Given information:

BEGIN

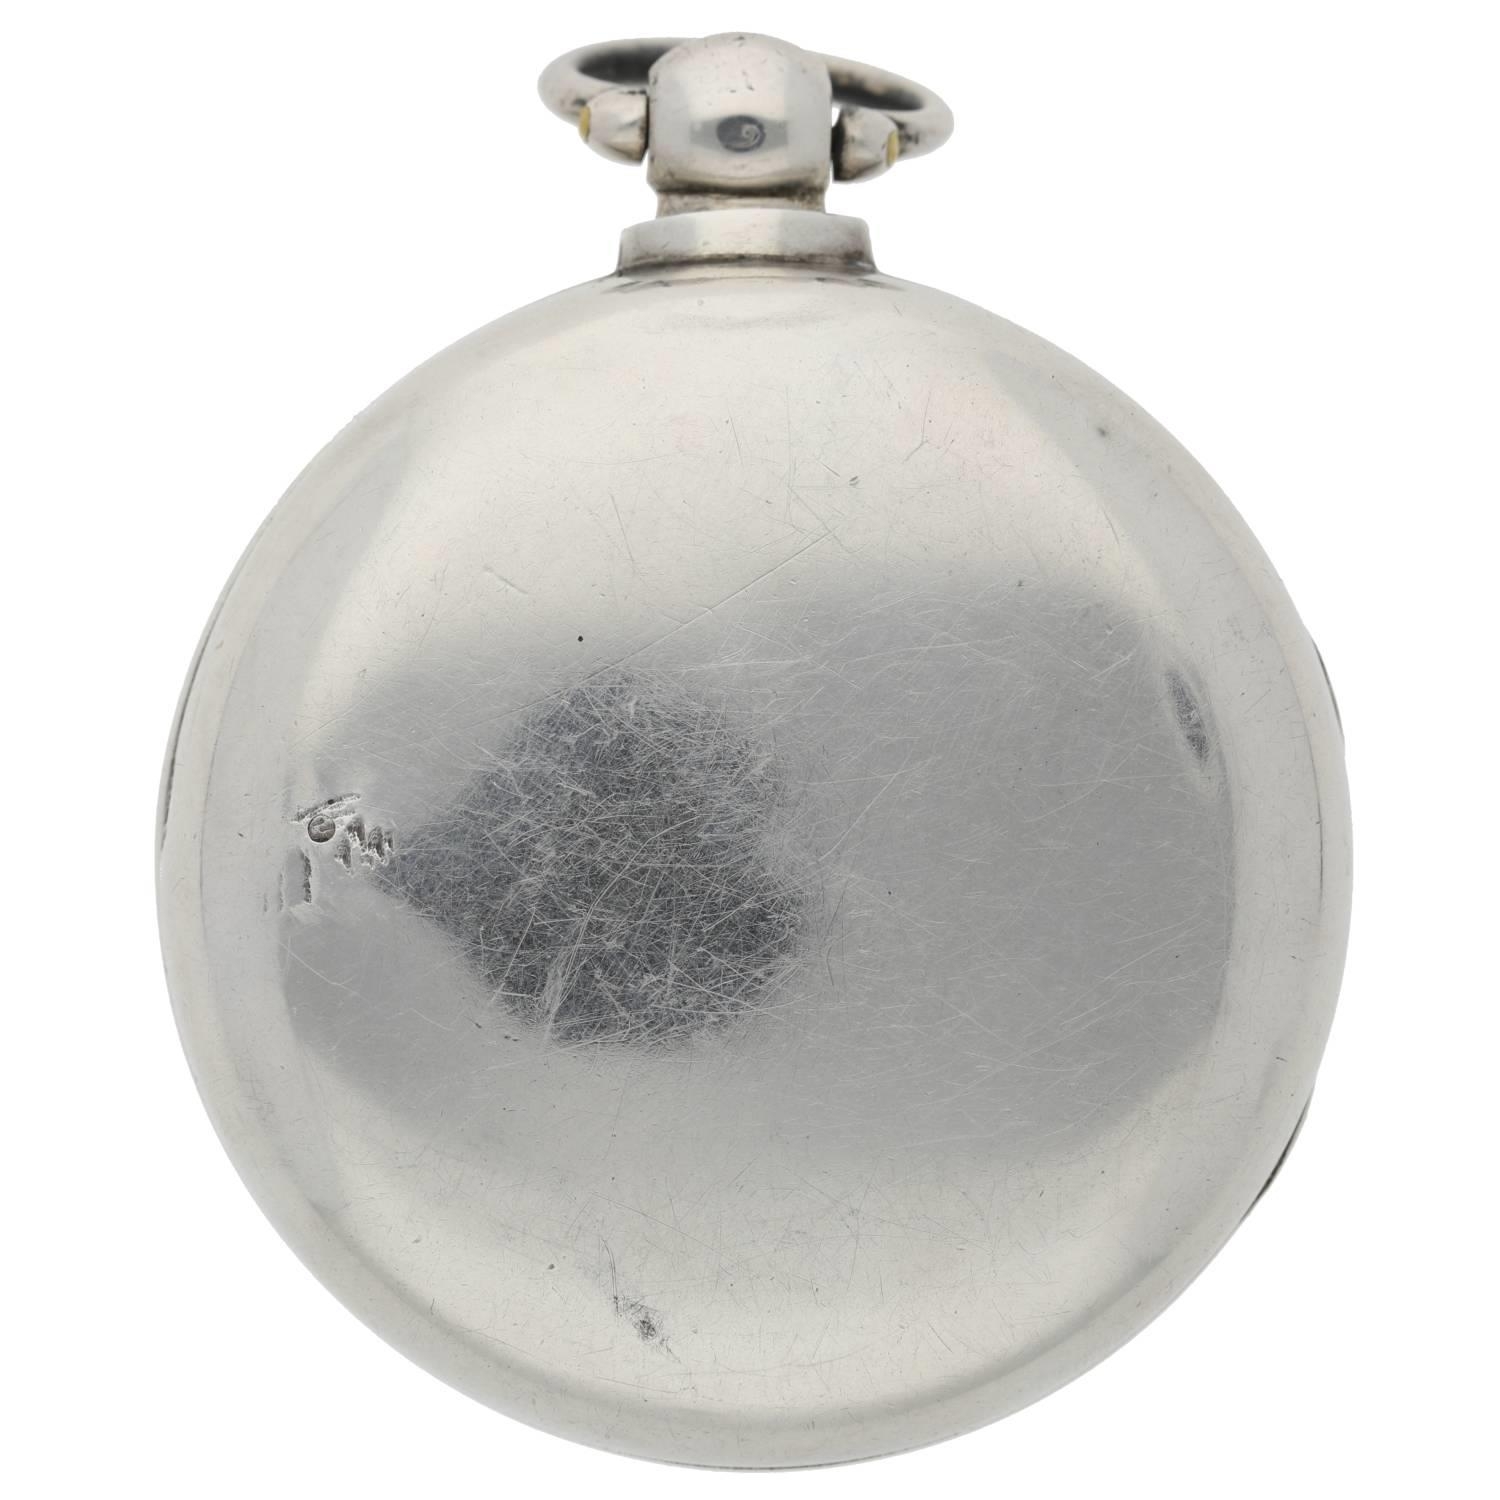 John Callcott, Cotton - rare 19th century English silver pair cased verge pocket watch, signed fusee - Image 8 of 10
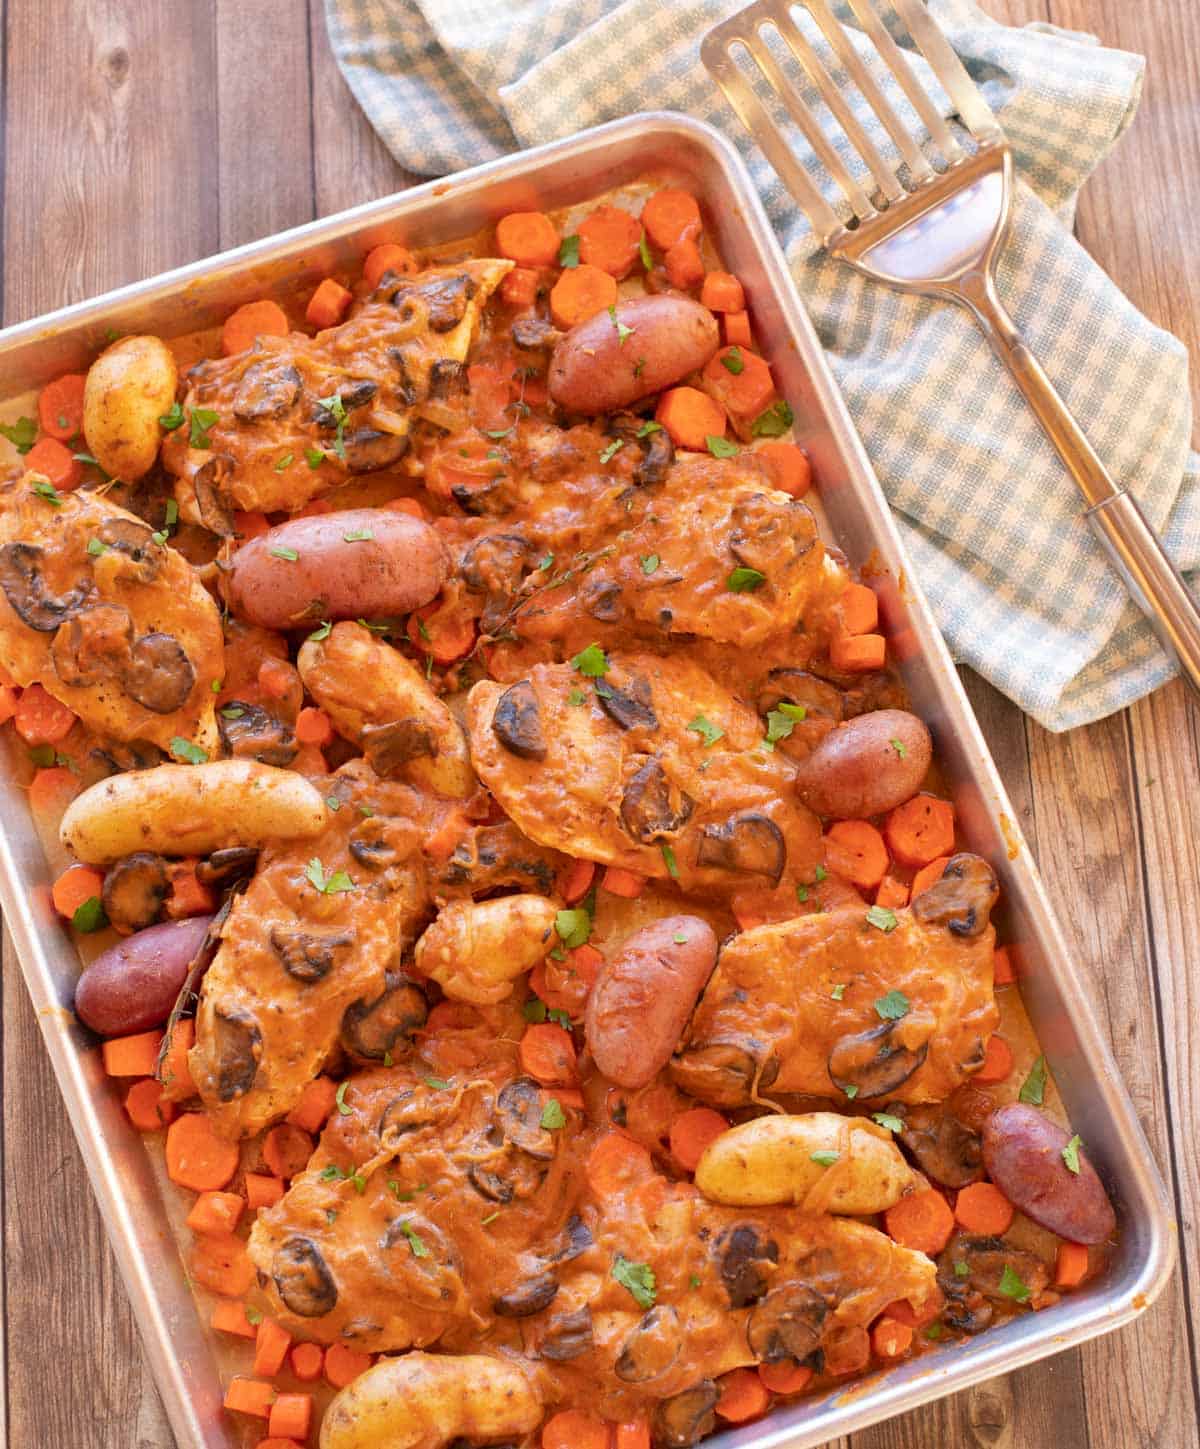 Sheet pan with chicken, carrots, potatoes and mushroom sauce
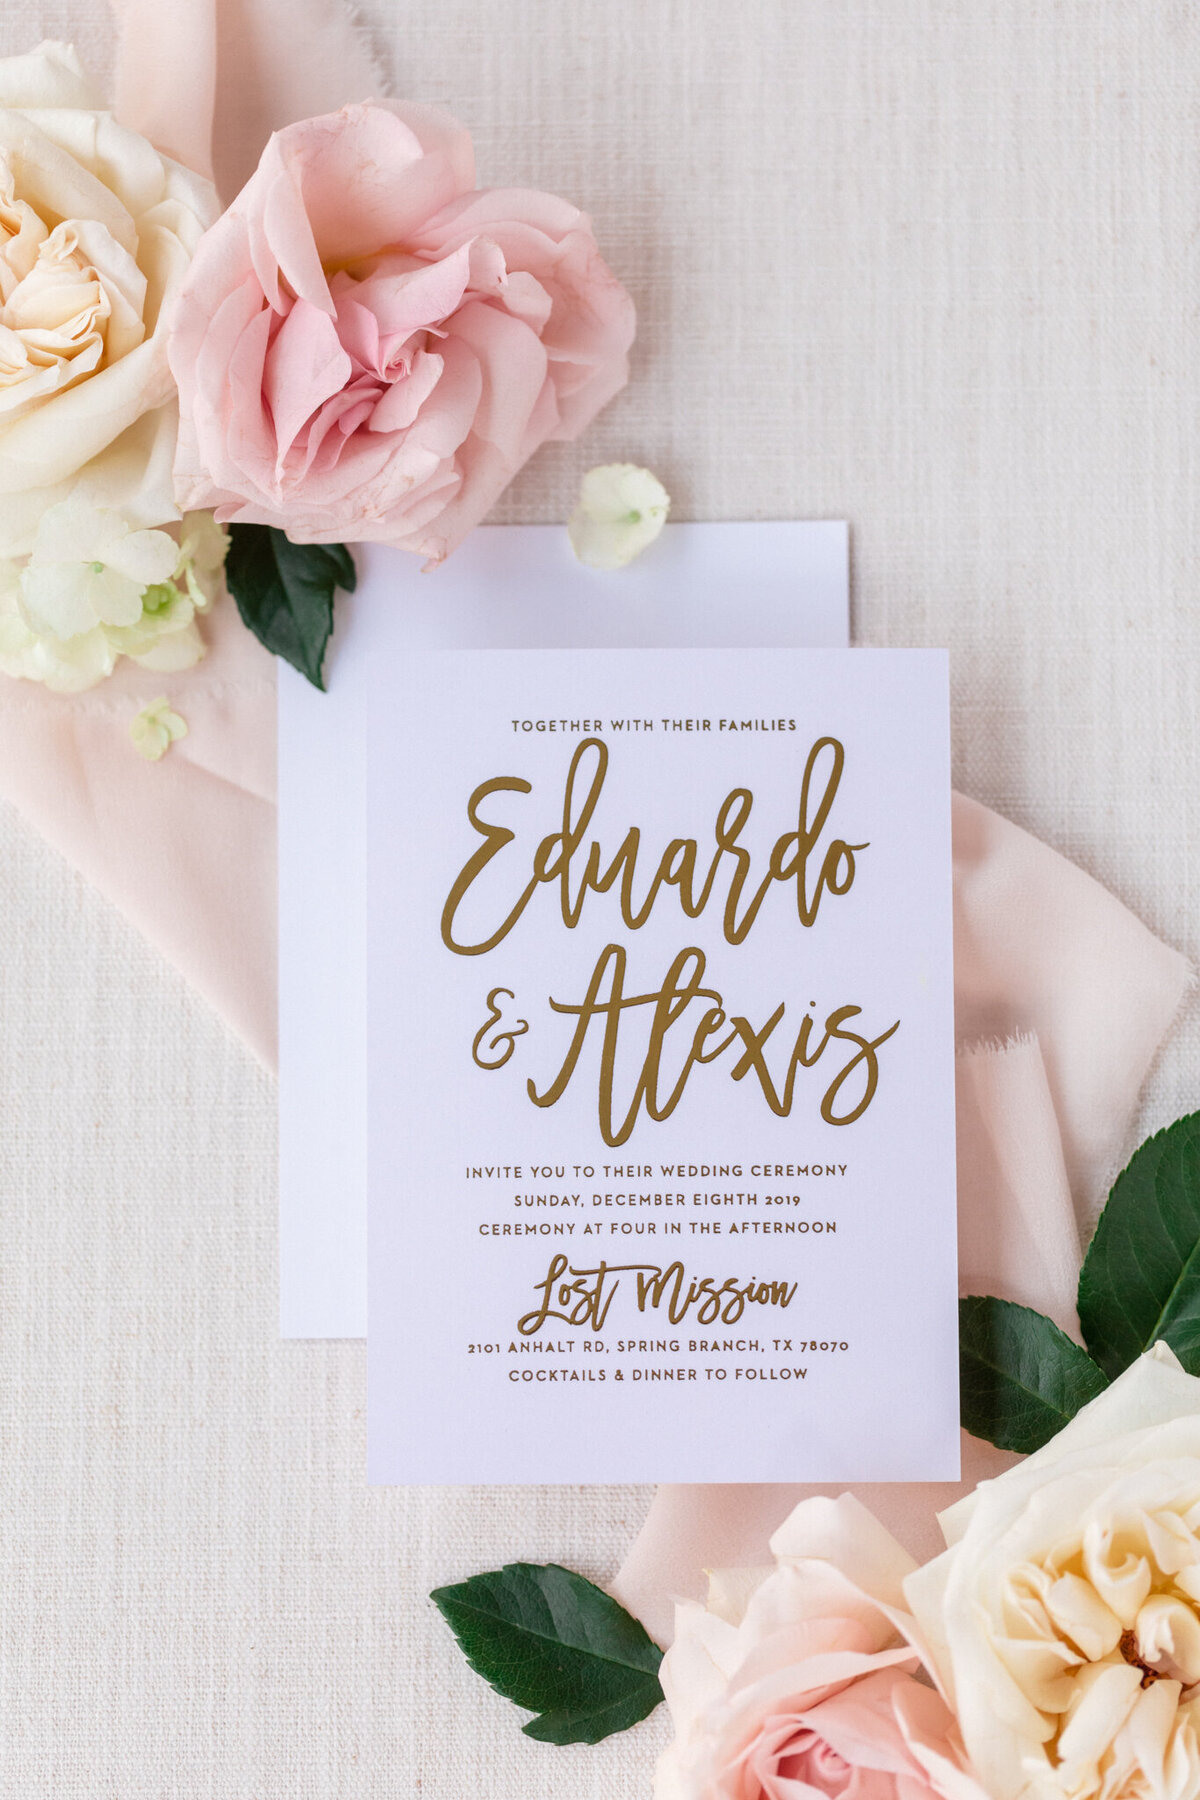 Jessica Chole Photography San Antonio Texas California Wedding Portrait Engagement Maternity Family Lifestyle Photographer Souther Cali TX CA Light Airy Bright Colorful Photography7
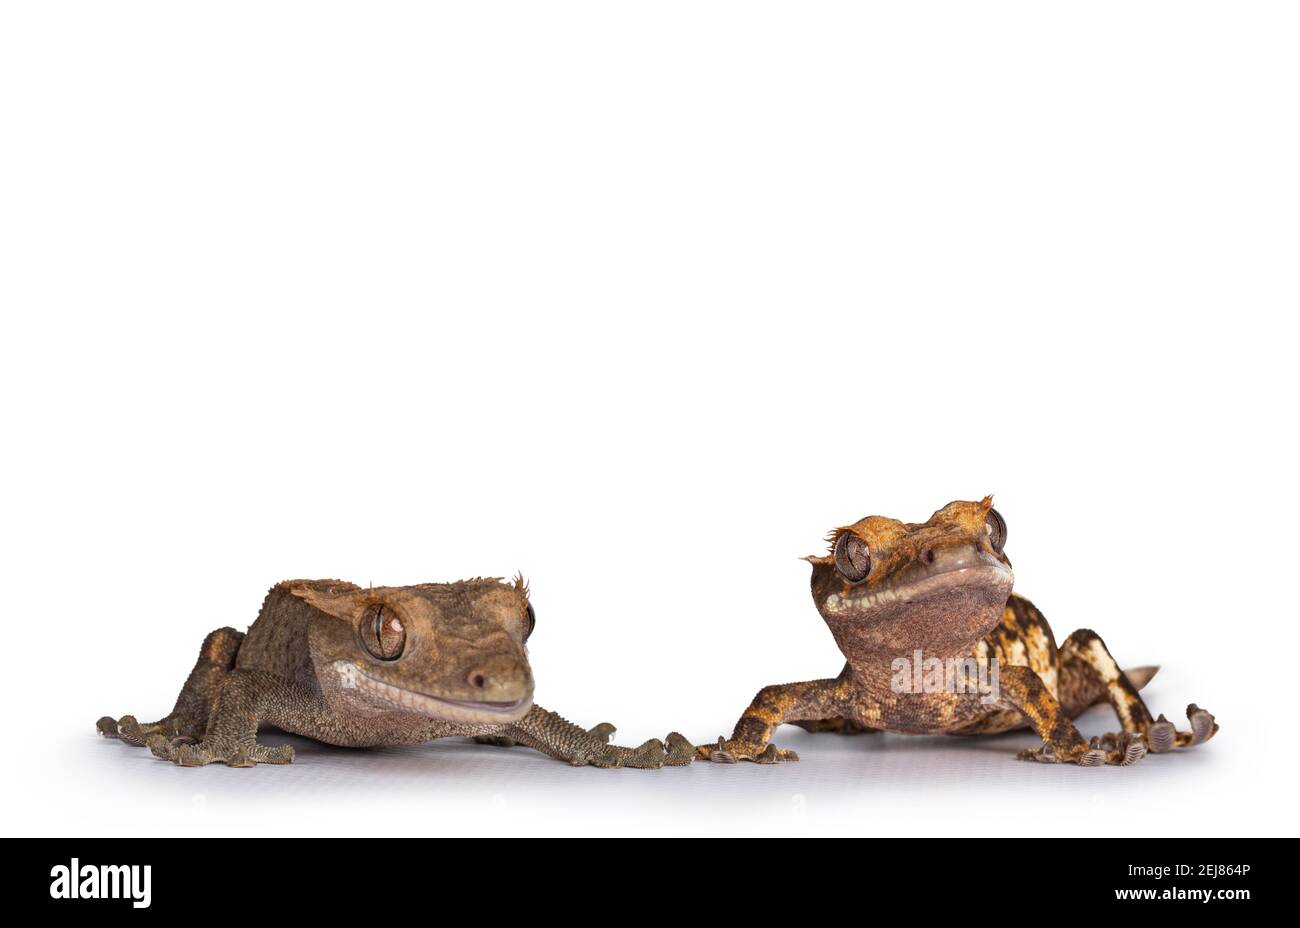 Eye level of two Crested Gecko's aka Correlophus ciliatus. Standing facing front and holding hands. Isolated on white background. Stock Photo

END

Brief:
Reproduce the full listing faithfully, but do not carry over any pictures.

Expected output:
 John Callcott, Cotton - rare 19th century English silver pair cased verge pocket watch, signed fusee - Image 8 of 10
 Sheet pan with chicken, carrots, potatoes and mushroom sauce
 Jessica Chole Photography San Antonio Texas California Wedding Portrait Engagement Maternity Family Lifestyle Photographer Souther Cali TX CA Light Airy Bright Colorful Photography7
 Eye level of two Crested Gecko's aka Correlophus ciliatus. Standing facing front and holding hands. Isolated on white background. Stock Photo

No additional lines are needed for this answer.